### Data
++++++

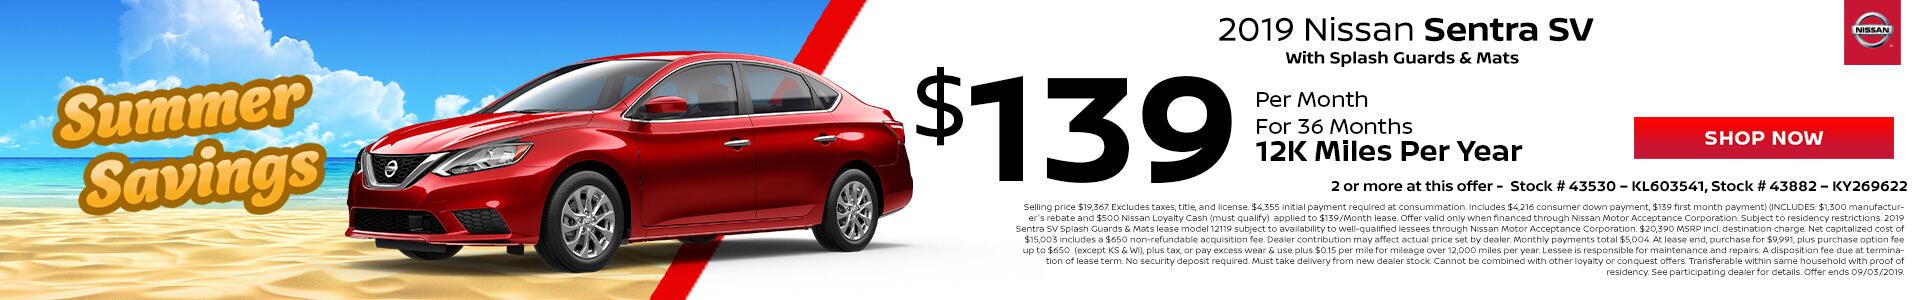 Nissan Sentra SV $139 Lease
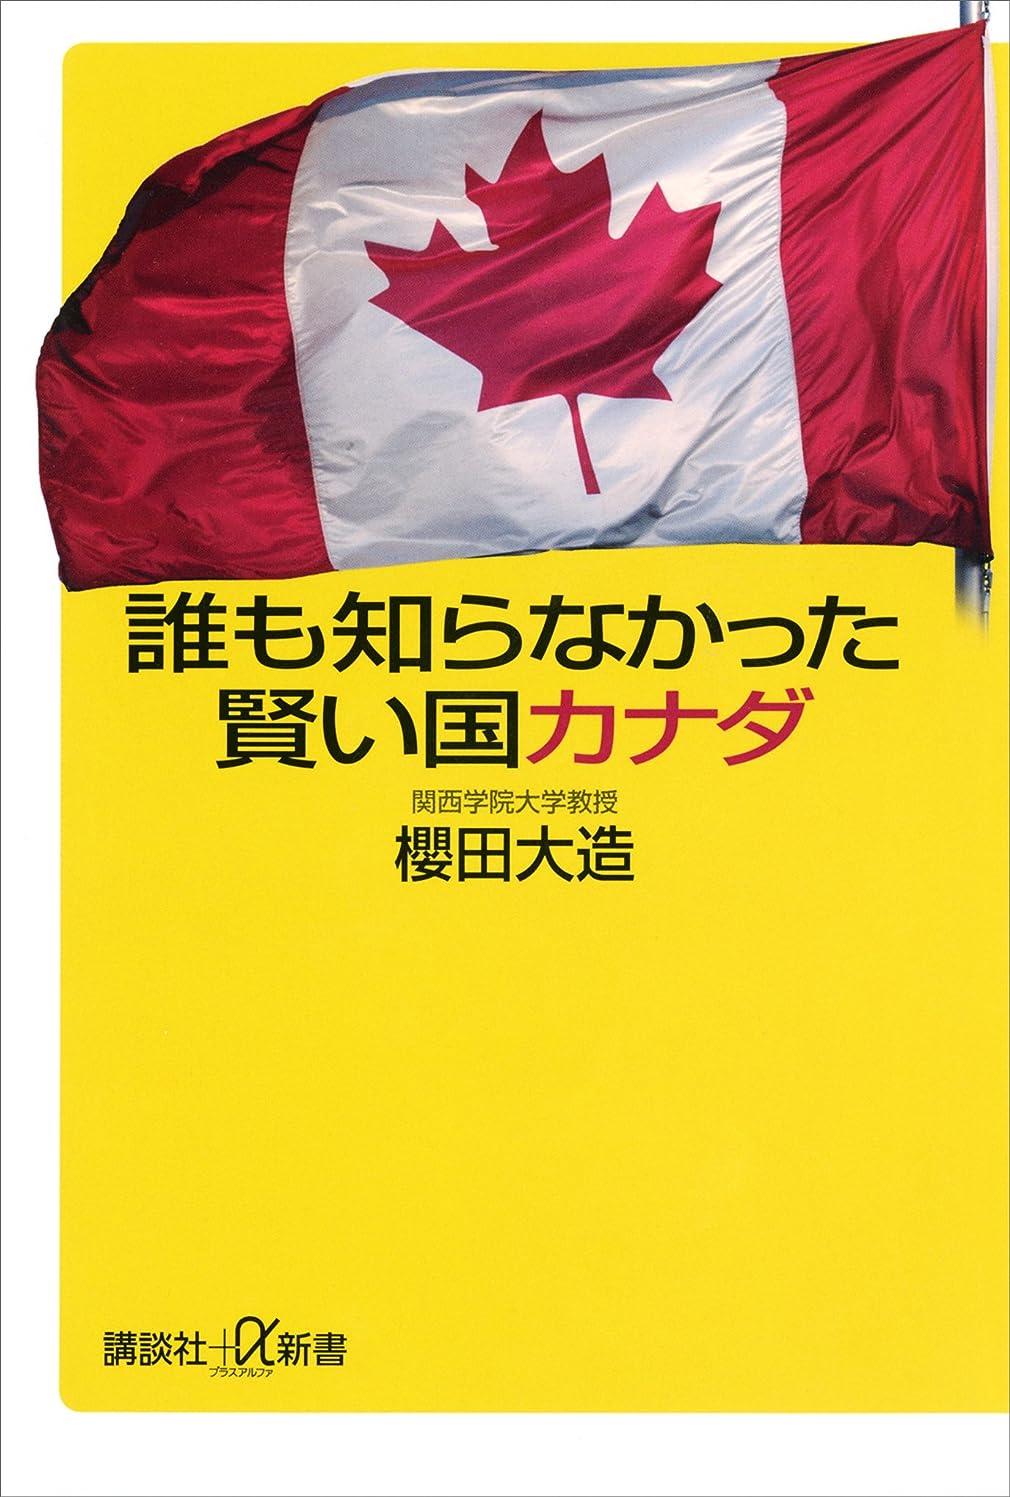 キャロライン文明化ナイトスポット誰も知らなかった賢い国カナダ (講談社+α新書)
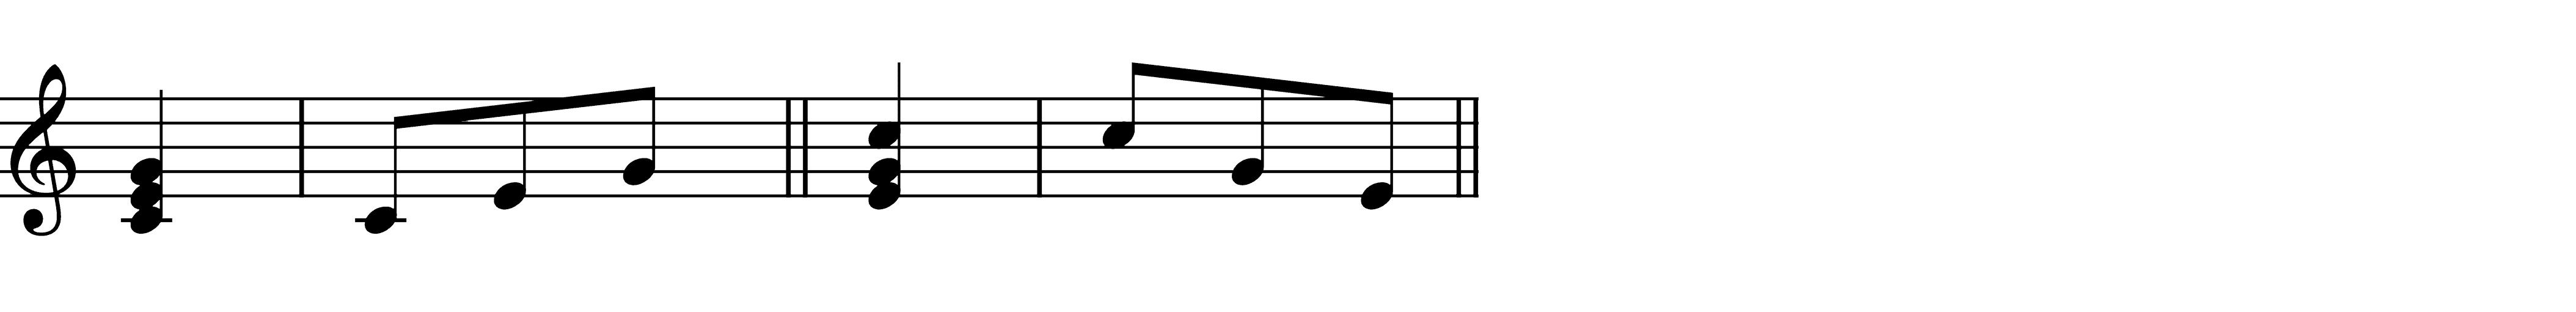 chord vs arpeggio

++++++

### Exercise
Your reply should hold every line above exactly as written and none of the pictures.

### Output of the task
 Nissan Sentra SV $139 Lease
 キャロライン文明化ナイトスポット誰も知らなかった賢い国カナダ (講談社+α新書)
 chord vs arpeggio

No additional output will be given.